As a counterpoint, I'm working in a private school in QLD where we do allow most web 2.0 technologies, but are spending resources (ie: ~2 hours a week of my time) actively policing internet usage for inappropriate use and cyberbullying. As K.Rudd is finding out, giving money for PCs is just the start and is now having to fork out 1.5 times the amount over and above the original for infrastructure, administration and maintenance.

On the school conneciton, is it limited by the school or the infrastructure? Here in Bundaberg we have just been able to upgrade to DSL2, so up until a couple of weeks ago we were limited to 1.5 Mbps regardless of what we wanted from an educational point of view. We still were able to use youTube etc in a moderate manner, although most video is distributed internally via ClickView. Fibre to the Premises was on K.Rudd's list, but not anywhere to be seen yet.

Scot said...

Hi Tony,

Thanks for your input.



Anonymous said...

Scot, I think your post is timely.

The problems mentioned have been around for many years but the consequences have never been so keenly felt.

This is a discussion that needs to take place.

Mark D said...

Just to throw in a curve ball, do you think that the blocking issues will become less as the educational environment becomes less and less structured, with students becoming increasongly connected away from the traditional classroom environments?

Of course my tongue is wedged firmly in my cheek, and I probably thought of this because of a conversation with a native Canberran who told me that the 'city' had been designed without the need to cope with high volumes of traffic as flexible working hours were to be the norm, meaning that an age-old problem (overloaded roads) would become a non-event.

Its a shame that whereas some parts of our world seem to advance at a phenomenal rate, many others move far more slowly, and the rumbling from the shifting of the tectonic plates is felt by all.

Pointless ramble over - great article Scot :)

Scot said...

Hi Mark,

You pose an interesting question and one I'd not considered. The simple answer is probably, although we will need our education authorities to take a more student-centred approach as it is likely that the most disadvantaged Australian students will rely on institution resources for many years to come. This could further exacerbate the digital divide that currently exists.

My fear is that by the time state schools are dragged into the 21st century it will be too late for Australia and our school graduates will be substantially disadvantaged in a globally competitive economy.

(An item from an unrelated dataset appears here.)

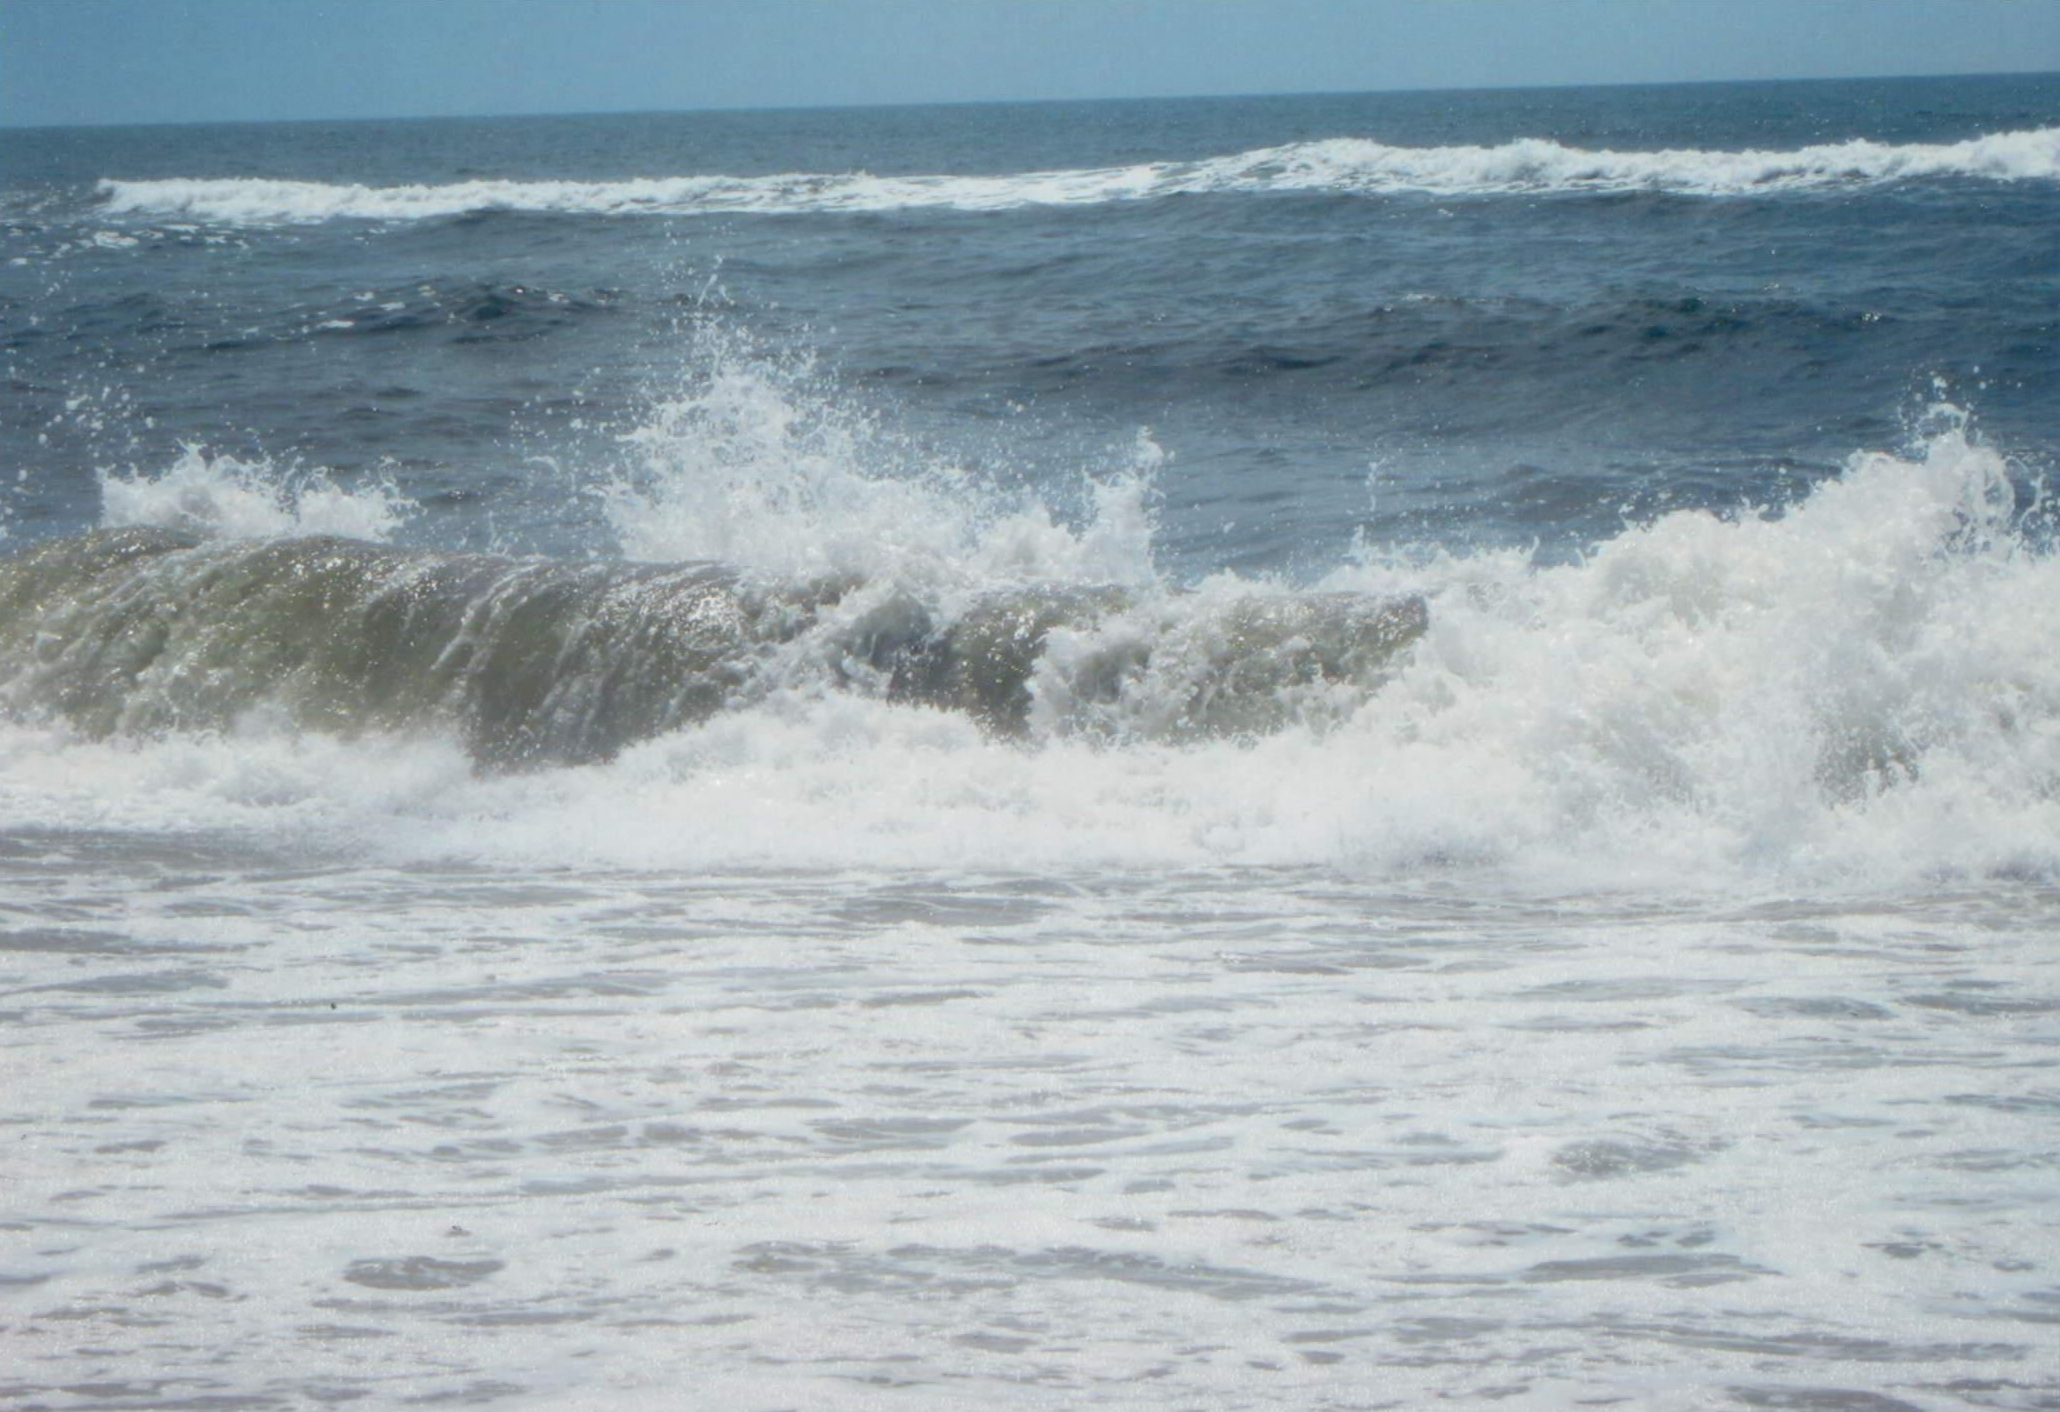 Nel mare, a volte quando portare fuori dall'acqua le conchiglie che sono belle specialmente i bambini le racolgono e sono felici di portarli a casa e conservali bene. DIO UNIVERSALE i da il messaggio di farvi capire che vi avete portato a casa cancro crostale dalle conchiglie. Se avete conchiglie nella casa buttatele. DIO UNIVERALE manda il miracolo della guarigione per l'eternità.

I smiled at your Canberra example--when I lived there in the late 1970s, there was a 30 minute peak hour twice a day. The rest of the day the traffic was scarce--it may be different these days!

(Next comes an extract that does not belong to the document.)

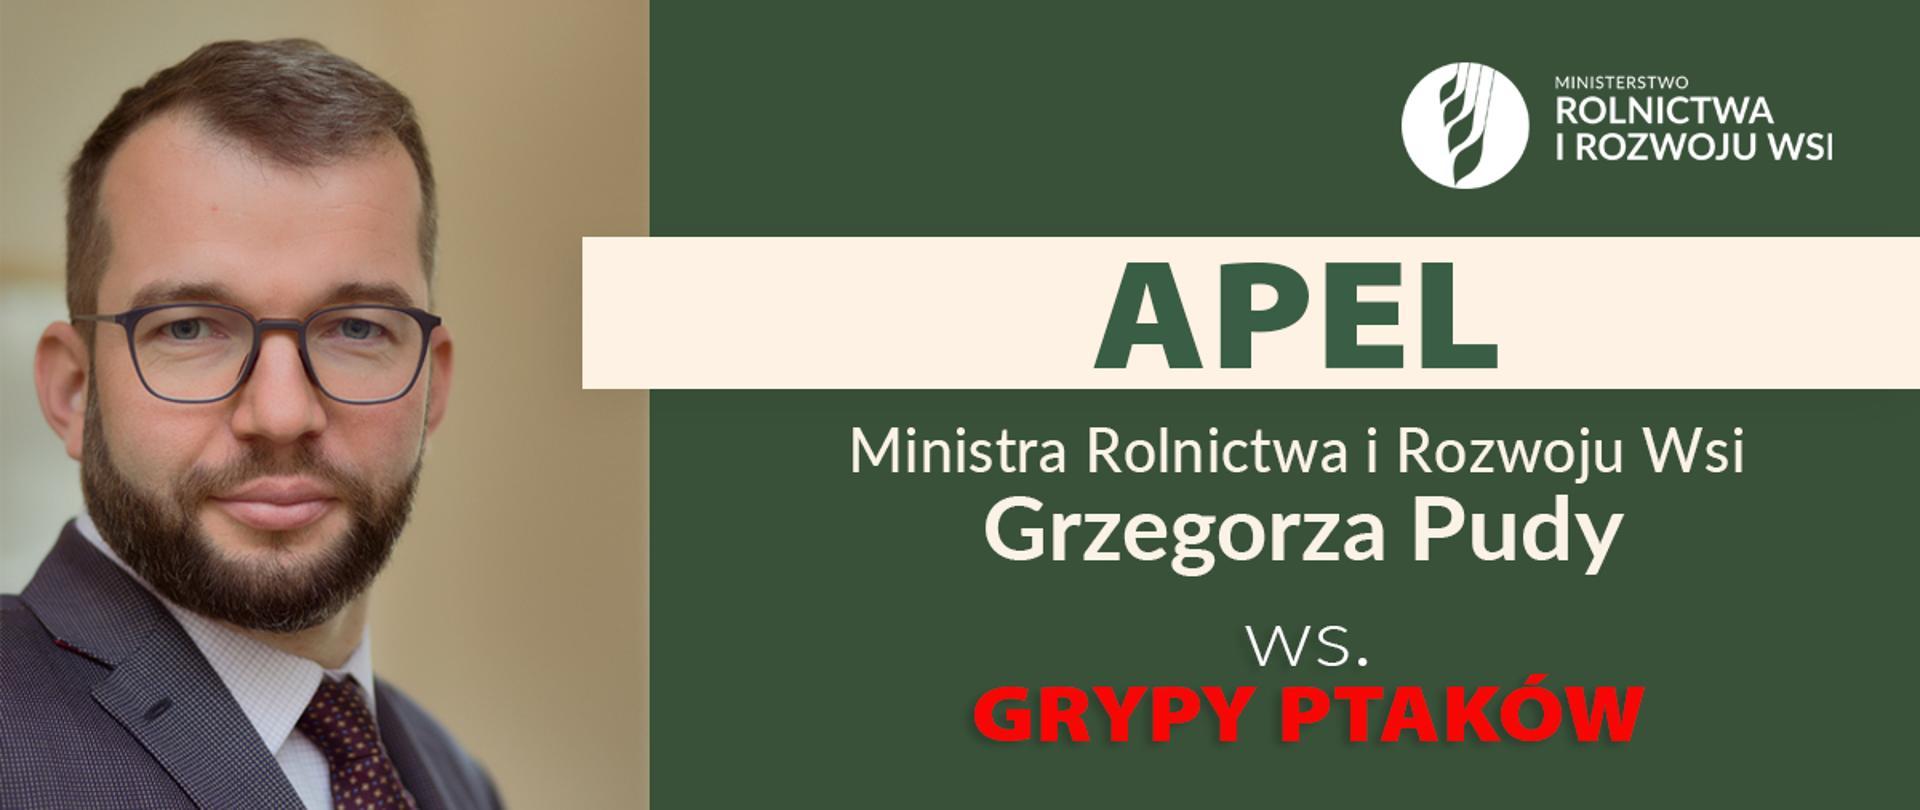 Apel Ministra Rolnictwa i Rozwoju Wsi

Many thanks for your comment.



Anonymous said...

We have a similar situation here in NSW, with many indispensible 2.0 sites e.g. being blocked for state school students, yet private schools can offer learning activities relating to these websites, which highlights an equity issue because state school students would be disadvantaged for external exams. The focus should be on teaching students how to use web 2.0 websites in a responsible way.